On DRT, if you use cambium savers or pullies that little fellow will drop you like a rock if you crack it open. One handed descent is easy and controlled unless the TIP has to much friction. Then you need to feed the rope in. Can happen with sap as well.


----------



## charlybldr (Nov 21, 2007)

moss said:


> I seem to remember hearing that Grillon has a tensioner inside that keeps it from slipping if you unload and reload it on a lanyard.
> -moss



I expect you're right about this. Another "difference" between the two.

Nothing wrong with using the right tool for the job.


----------



## moray (Nov 21, 2007)

Mitchell said:


> Why so? ... no one thought it was a poor replacement for a friction hitch.



Mitchell, very interesting post. I was thinking of its use as a lanyard adjuster (a la Grillon) when I made that comment. In that application, even though it could work, and be self-tending, a knot and cheap pulley would work better and cost a fraction. The knot stays put when not loaded--a Grigri may feed rope if not loaded, and as Moss points out, it's definitely going to give back some rope before locking. Also it is very easy to adjust the knot with one hand. To do that with a Grigri I think would require a much finer touch. Finally, my lanyard is 1/2 inch, which won't fit a Grigri. Knots are versatile!

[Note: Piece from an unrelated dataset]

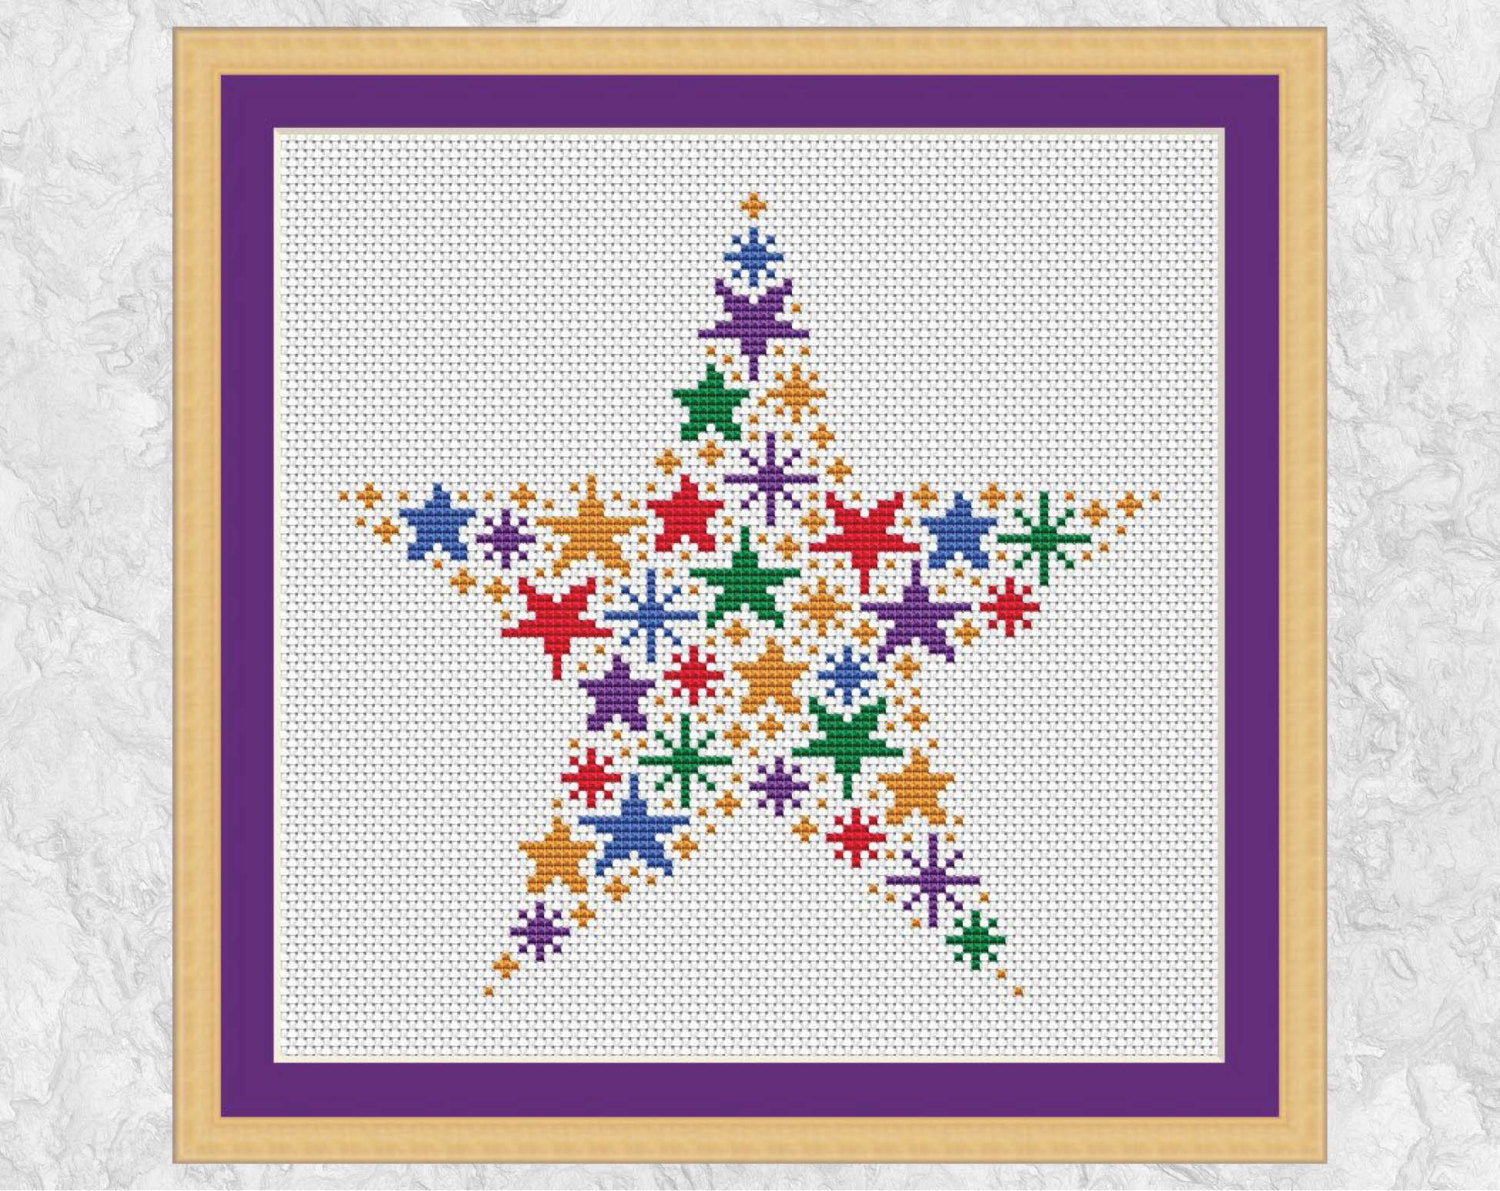 Rainbow Star of Stars cross stitch pattern - with frame

But as a combination ascender/descender, as you describe, it might be very slick. I'll have to give that a try, both SRT and DRT and see how it goes. I have only used it as a descender so far on 10 and 11 mm lines, and only SRT, and for that it is far superior to a friction knot. Thanks for the interesting info.


----------



## treesquirrel (Nov 21, 2007)

Prussic cord and a rescue 8 is all i ever want for descending from any tree. I Leave the fancy schmancy gadgets to the rock climbers.

The best place for a gri gri is on some plastic climbing wall in a gym.


----------



## Toms&Co. (Oct 7, 2015)

I just got a Petzl Grillion for cheap on ebay and cleaned and tested it out, works great but I am still a bit nervous about using it as my lanyard/2nd climbing line adjuster instead of a friction hitch... which is kind of funny bc ill hang on my ascenders and swing around no problem, I guess being able to see the cams and rope engaging makes me feel safe? where as the grigri/ grillions are enclosed and mysterious lol...


----------



## oldboy (Oct 8, 2015)

I've had a petzl grigri for ten + years. I first used in for mountaineering applications, then rock climbing, now tree work. It is very useful, easy to use, tough, etc... I have trusted my life to it many times, and has never given me a scare. That being said it only works with certain diameter ropes, usually standard climbing line around 10/11 mil, you can use thinner or thicker ropes but there are consequences for doing so. Thin ropes will be slow to engage the cam, you can fall several feet or more before it engages. Thicker ropes and it just gums up the cam, have to force feet it etc... For the correct size rope, for both climbing and rappelling, it is absolutely awesome, and will always be part of my saddle/harness rack. One issue with it that should be kept in mind is that it can be gummed up by a sappy rope. I don't work in a lot of sappy trees but I know they're common in certain regions.


----------



## CanopyGorilla (Oct 9, 2015)

The grillon is the same as the older model gri gri. Only difference is one screw and rope diameter. They are absolutely bomber. I have aid soloed thousands of feet off the deck with them in Yosemite, as many others have. I've taken 70' rock climbing falls and been caught by them. No reason to distrust them dinkin around in trees. My grillon is my go to lanyard. Gri gri would be too but it's for smaller ropes than I like for trees.


----------



## Toms&Co. (Oct 9, 2015)

Thanks that's what I wanted to hear!!


nopyGorilla said:


> The grillon is the same as the older model gri gri. Only difference is one screw and rope diameter. They are absolutely bomber. I have aid soloed thousands of feet off the deck with them in Yosemite, as many others have. I've taken 70' rock climbing falls and been caught by them. No reason to distrust them dinkin around in trees. My grillon is my go to lanyard. Gri gri would be too but it's for smaller ropes than I like for trees.


twante


----------



## Club Anderson (Oct 21, 2015)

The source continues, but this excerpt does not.